The raw data stream consists of 72 byte records that arrive 100 times per second over a 115200 baud serial cable with hardware handshaking. Each eight bit character is surrounded by two framing bits, so the link is running at $ 62\% $ of its theoretical capacity with $3.7\,ms$ of unused time in every $10\,ms$ interval. Most serial port hardware implementations have a $16\, byte$ fifo, so five interrupts are needed to transfer one data record from the wire into memory (unless a nonstandard polling architecture is used).

About $1.4\,ms$ after the interrupt is raised, if the operating system has still not serviced the interrupt, the fifo becomes full and data delivery from the wire is paused by the hardware handshake. We are now consuming that $3.7\,ms$ buffer of unused time, which is shared among five interrupt events. Thus, the operating system must achieve an average interrupt response time of $2.1\,ms$, and even one response time in excess of $10\,ms$ will always cause data loss.

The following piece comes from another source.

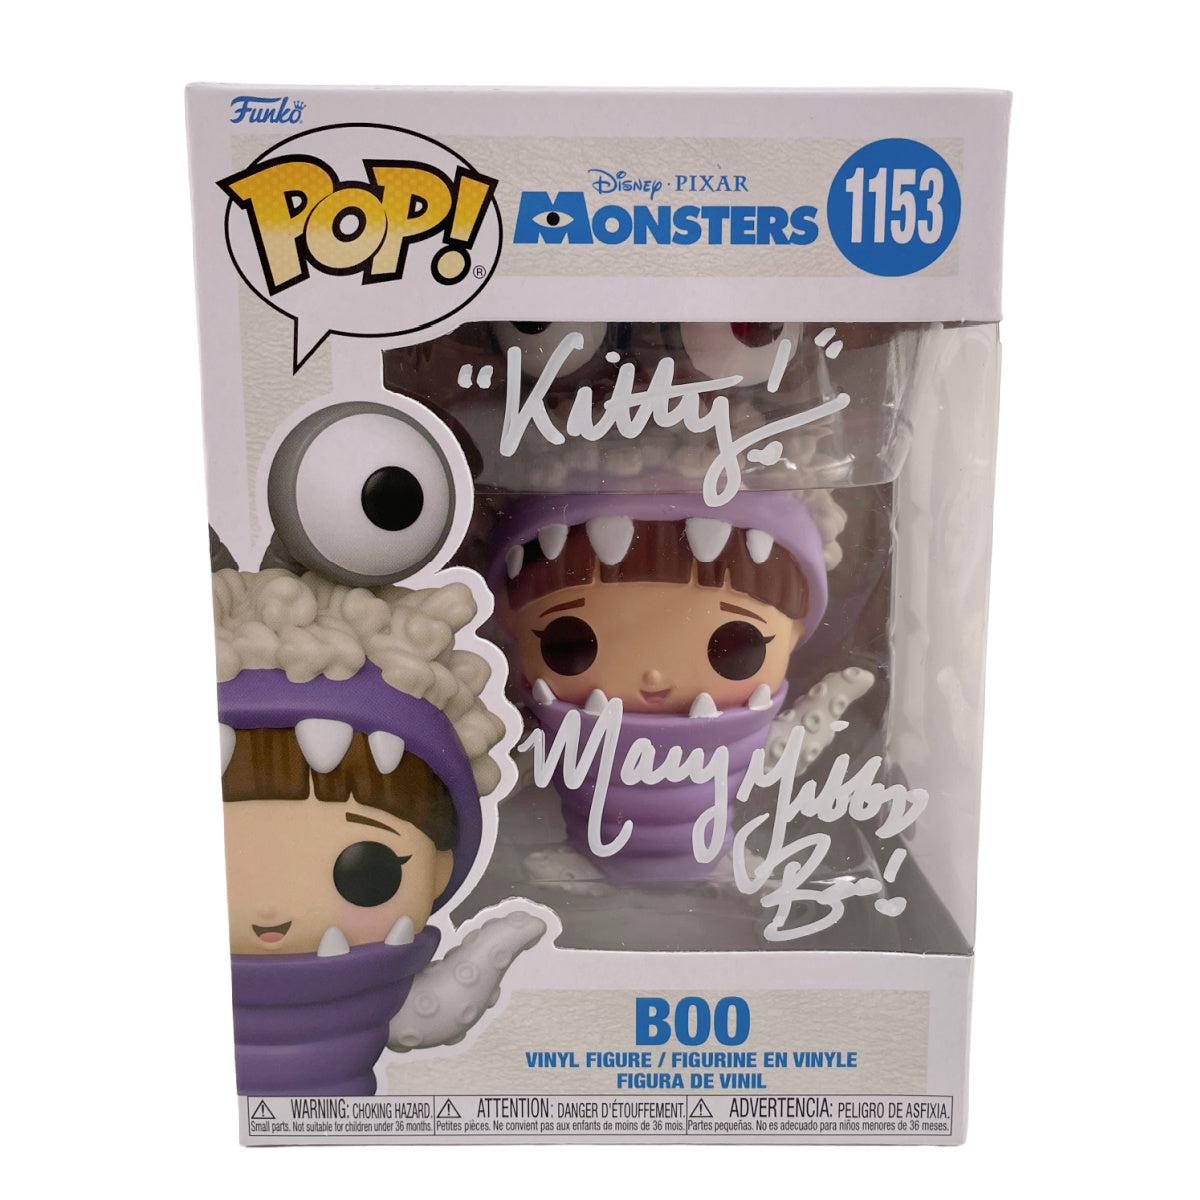 Mary Gibbs Signed Funko POP Disney Pixar Monsters 1153 Boo Autographed JSA 9

Our reference test used a simple Visual Basic program that grabbed data from the serial port as fast as possible, inspected it to determine whether any loss had occurred, then immediately discarded it. No user (or GUI message) communication occurred while the test was in progress. Data loss was observed to occur on average once every couple of minutes with the network cable plugged in, reducing to every ten minutes or so with no network and every normal user configurable item optimized. Touching the mouse or keyboard caused data loss events every ten seconds or so.

We modified the data stream so that it was simply delivering timestamps to the host computer with no other information content. The test program was extended to gather statistics. We found that there were gaps due to missing data in excess of ten seconds duration several times per day. Although we experimented with the advanced configuration choices and considered non-standard hardware installation, these were not viable long term solutions due to the cost and complexity impact on the end user.

On occasion, we still need to run the original Visual Basic software that predates the Linux port. This is now reliably achieved by having it connect to a serial port emulation provided by the Dialout/IP client from Tactical Software. Under the emulation is a raw TCP/IP connection that goes to a Linux computer, which actually operates the serial port and has a fifo implemented in software that can hold several minutes of data.

An old 80386 class computer (running Debian 2.1) was found to be comfortably sufficient to provide reliable serial I/O and client network communications. On this machine, we benefitted from the irqtune utility in the hwtools package, which can place the serial port interrupt at the highest priority. When this was done, we could run other software from the 80386 console terminal without impacting serial port operations.